De Raad volgt appellant hierin niet. Gelet op de tekst van en de toelichting bij artikel 19a van de WOOS valt niet in te zien hoe de activiteiten van appellant op het[naam centrum] zijn aan te merken als het volgen van onderwijs. Appellant ontvangt daar op basis van een verstrekte AWBZ-indicatie zorg. Ook uit de bij de aanvraag gevoegde informatie van MEE en het KDC De Kring valt niet op te maken dat de activiteiten van appellant op het
[naam centrum] zijn aan te merken als het volgen van onderwijs.
4.7.
Uit hetgeen onder 4.4 tot en met 4.6 is overwogen volgt dat de rechtbank op goede gronden heeft vastgesteld dat appellant buiten de personenkring van artikel 19a van de WOOS valt, omdat appellant geen onderwijs volgt. Daargelaten de vraag of deze bepalingen rechtstreekse werking hebben, wordt dit niet anders als het begrip onderwijs wordt uitgelegd in het licht van artikel 3 van het IVRK en de andere bepalingen van het IVRK en het Verdrag inzake de rechten van personen met een handicap, waarop appellant in hoger beroep heeft gewezen. Deze beroepsgrond faalt derhalve.
4.8.
De beroepsgrond dat sprake is van strijd met artikel 14 van het EVRM in samenhang met artikel 8 van het EVRM faalt eveneens. Anders dan appellant stelt is in het kader van de onderhavige aanvraag niet gebleken van gelijke gevallen die ongelijk worden behandeld. Zoals hiervoor is geconcludeerd volgt appellant geen onderwijs, maar ontvangt hij op zijn ontwikkeling afgestemde AWBZ-zorg. Anders dan kinderen die onderwijs volgen, wordt appellant met de zorg die hij ontvangt niet voorbereid op de arbeidsmarkt.
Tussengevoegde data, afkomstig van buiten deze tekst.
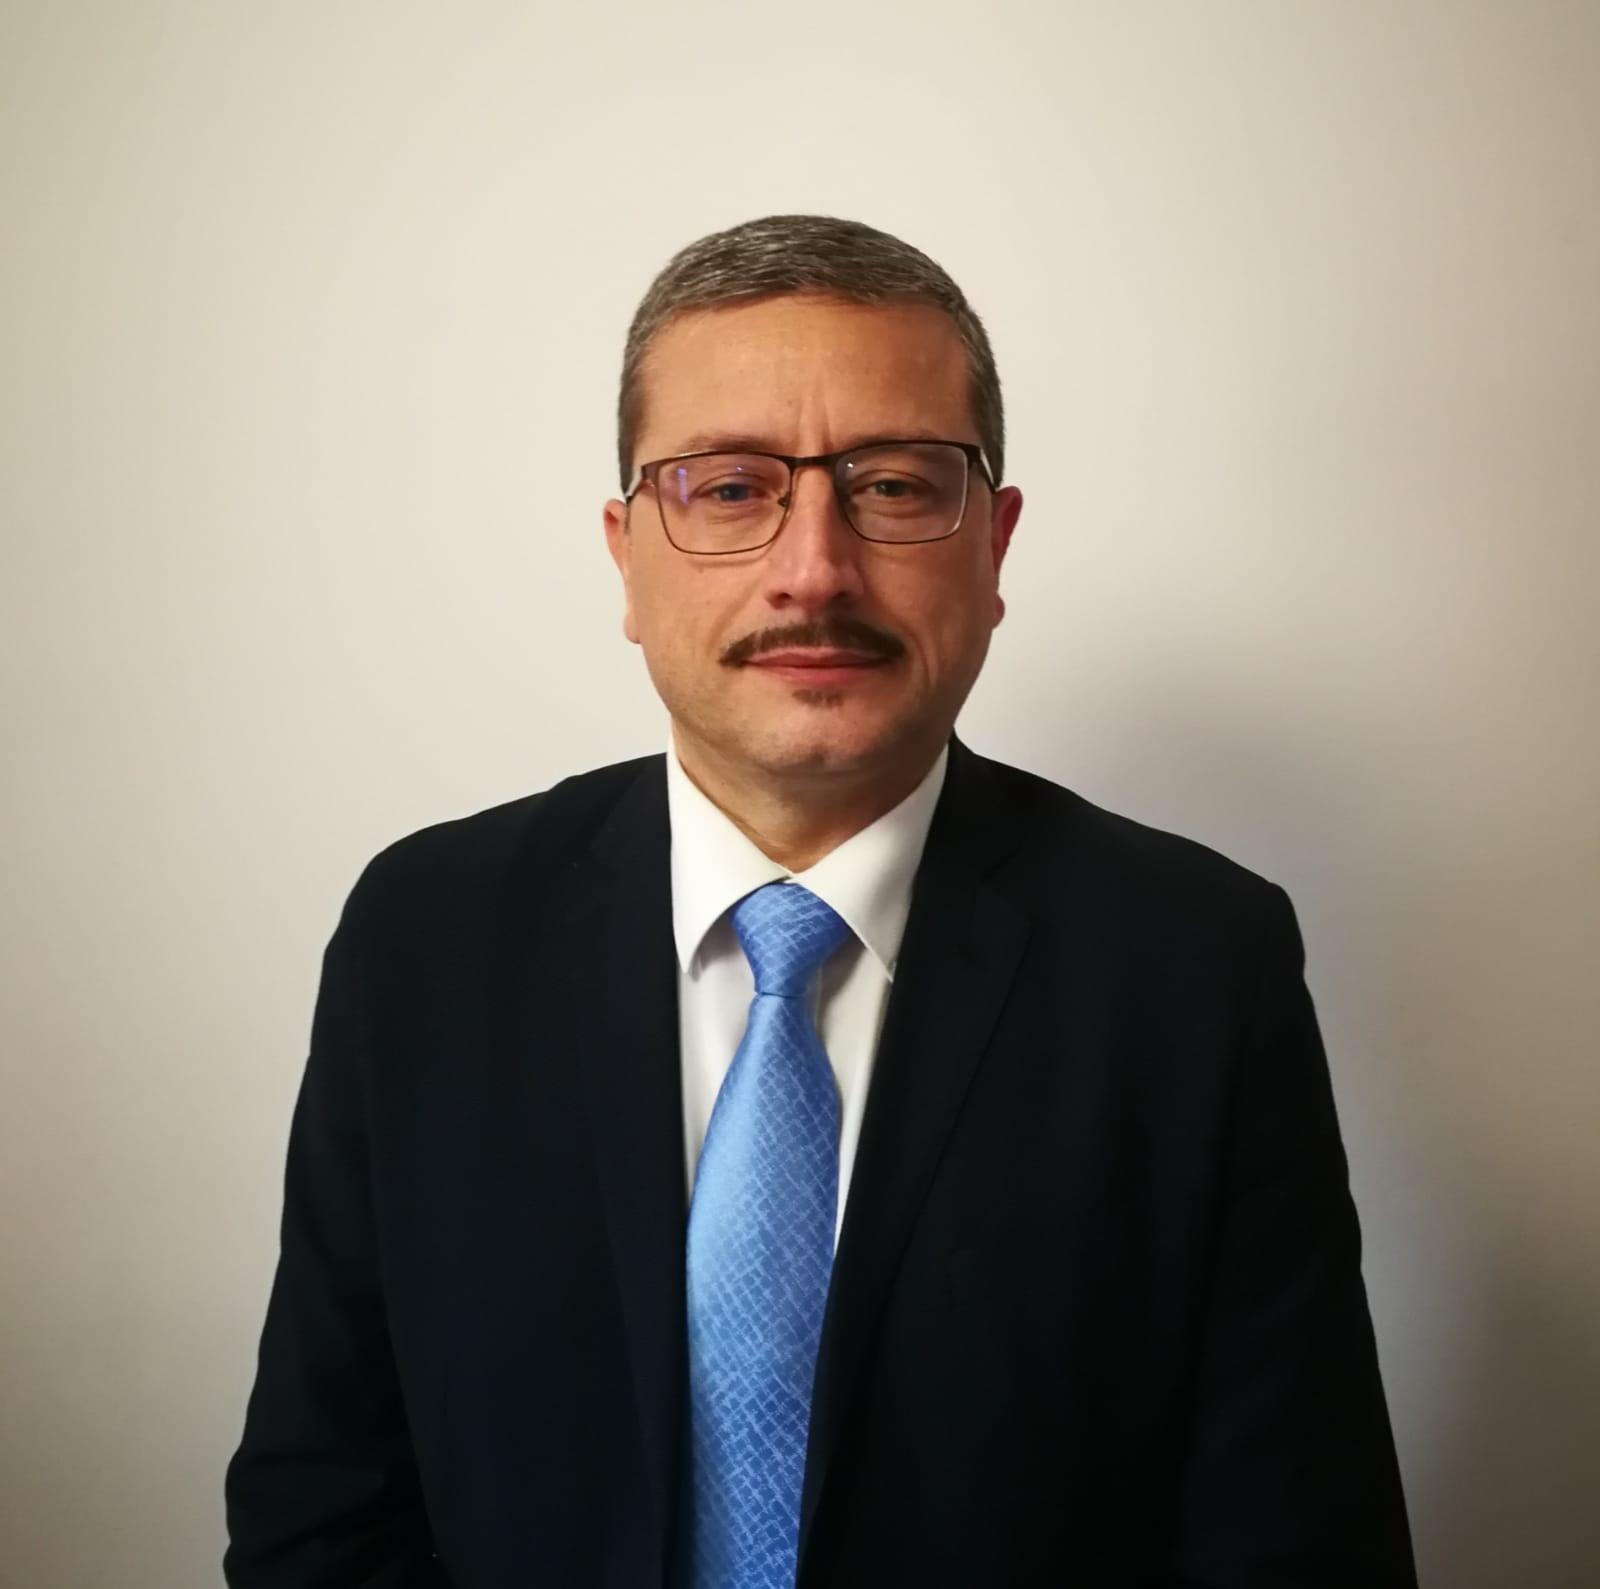 Dott. Luigi Galluccio

Alleen een kind binnen het speciaal onderwijs dat vanwege een beperking geen gebruik kan maken van pen en papier en/of niet kan lezen, kan volgens het Uwv in aanmerking komen voor een computer voor thuisgebruik als schrijf- en leesvoorziening. Niet is gebleken dat dit ook geldt voor appellant. De weigering van het Uwv appellant een computer te verstrekken levert in zoverre dan ook geen strijd op met artikel 14 van het EVRM in samenhang met artikel 8 van het EVRM.
4.9.
Het hoger beroep slaagt niet. De aangevallen uitspraak wordt bevestigd. Gelet hierop is veroordeling tot vergoeding van schade niet mogelijk, zodat dit verzoek wordt afgewezen.
5.
Voor een proceskostenveroordeling bestaat geen aanleiding.

BESLISSING

De Centrale Raad van Beroep
- bevestigt de aangevallen uitspraak;
- wijst het verzoek om veroordeling tot vergoeding van schade af.
Deze uitspraak is gedaan door J. Brand als voorzitter en D.S. de Vries en B.J. van der Net als leden, in tegenwoordigheid van E. Heemsbergen als griffier. De beslissing is uitgesproken in het openbaar op 23 juli 2014.